Which drug is used as a palliative treatment for a client with tumor-induced spinal cord compression? -Morphine Sulfate (Duromorph). -Ibuprofen (Advil). -Amitriptyline (Amitril). -Dexamethasone (Decadron)

-Dexamethasone (Decadron) Dexamethasone (D) is a palliative treatment modality to manage symptoms related to compression due to tumor growth. Morphine sulphate (A) is an opioid analgesic used in oncology to manage severe or intractable pain. Ibuprofen (B), a nonsteroidal antiinflammatory drug (NSAID), provides relief for mild to moderate pain, suppression of inflammation, and reduction of fever. Amitriptyline (C), a tricyclic antidepressant, is often prescribed for pain related to neuropathic origin and provides a reduction in opioid dosage.

A client with heart failure is being discharged with a new prescription for the angiotensin-converting enzyme (ACE) inhibitor captopril (Capoten). The nurse's discharge instructions should include reporting which problem to the healthcare provider? -Weight loss. -Dizziness. -Muscle cramps. -Dry mucous membranes

-Dizziness Angiotensin-converting enzyme (ACE) inhibitors are used in heart failure to reduce afterload by reversing vasoconstriction common in heart failure. This vasodilation can cause hypotension and resultant dizziness. Weight loss is desired if fluid overload is present, and may occur as the result of effective combination drug therapy such as diuretics with ACE inhibitors. It does not require reporting to the healthcare provider. Unlike ACE inhibitors, diuretics may result in hypokalemia and excessive diuretic administration may result in fluid volume deficit manifested by symptoms of dehydration.

A client is experiencing anaphylaxis from an insect sting. Which medication should the nurse administer? -Dopamine. -Ephedrine. -Epinephrine. -Diphenhydramine.

-Epinephrine. Epinephrine is an adrenergic agent that stimulates beta receptors to increase cardiac automaticity in cardiac arrest and relax bronchospasms in anaphylaxis. Epinephrine is the medication of choice in treating anaphylaxis.
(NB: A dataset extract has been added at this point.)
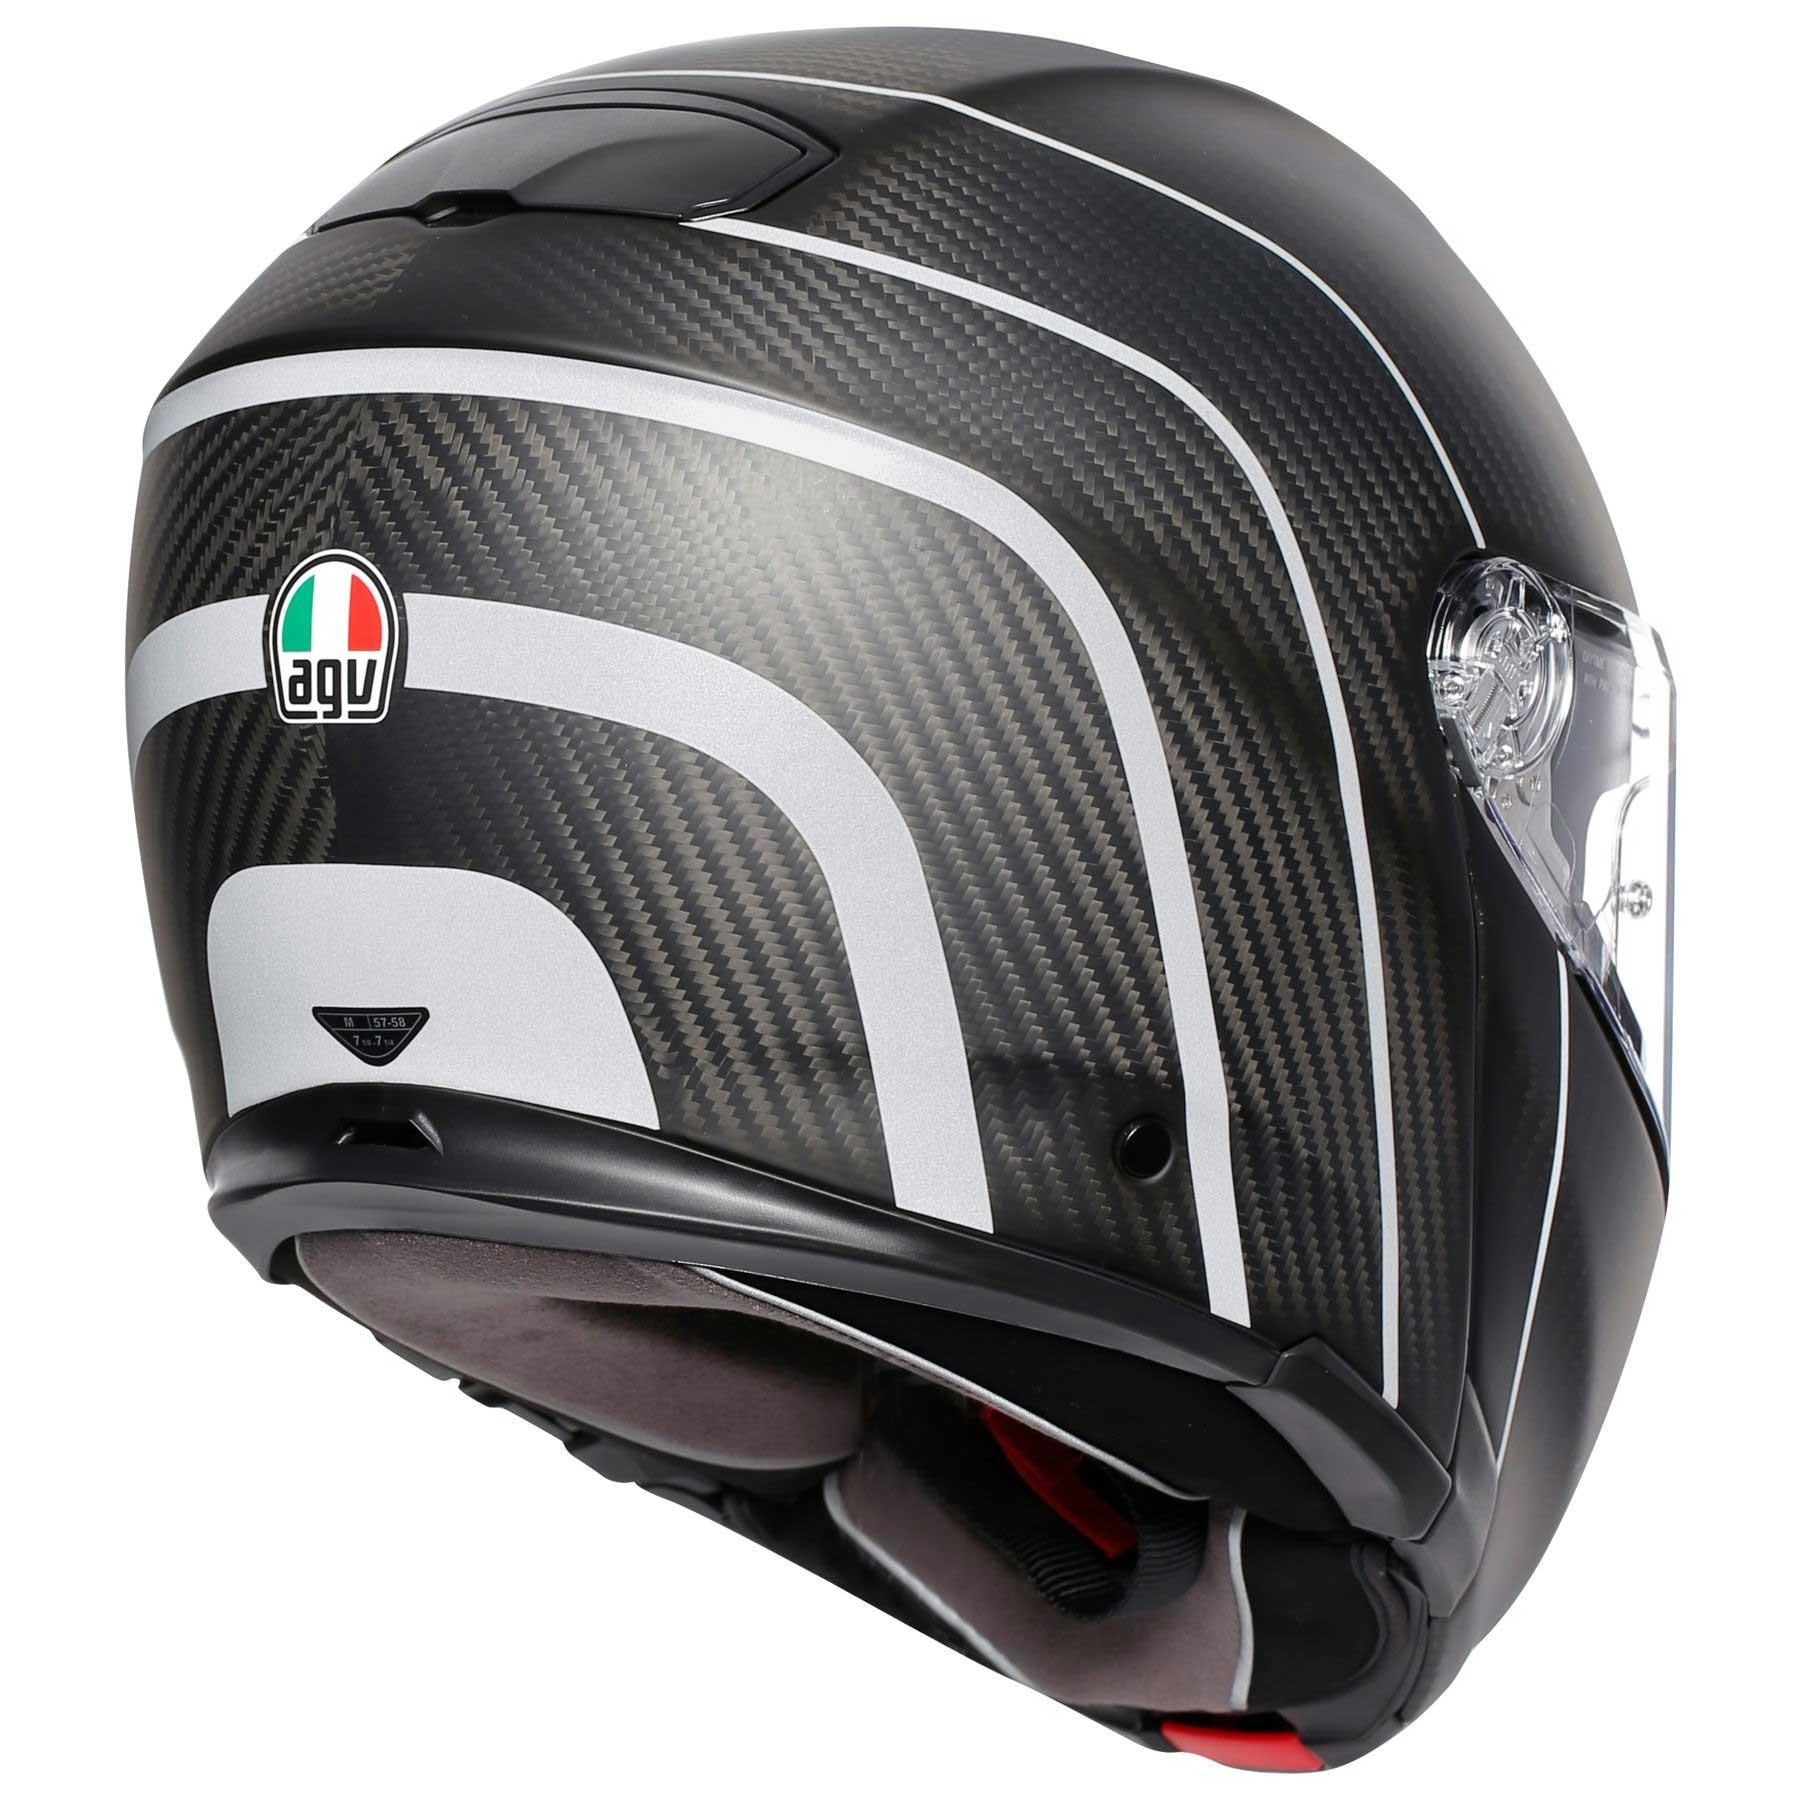 Agv Sportmodular Refractive Helmet Carbon Silver Ag 1201a2iy 009 Modular Helmets Motostorm

A client with a dysrhythmia is prescribed procainamide (Pronestyl) in 4 divided doses over the next 24 hours. Which dosing schedule is best for the nurse to implement? -Every 6 hours. -QID. -AC and bedtime. -PC and bedtime

-Every 6 hours. Pronestyl is a class 1A antidysrhythmic. It should be taken around the clock, so that a stable blood level of the drug can be maintained, thereby decreasing the possibility of hypotension (an adverse effect) occurring because of too much of the drug circulating systemically at any particular time of day. Pronestyl may be given with food if GI distress is a problem.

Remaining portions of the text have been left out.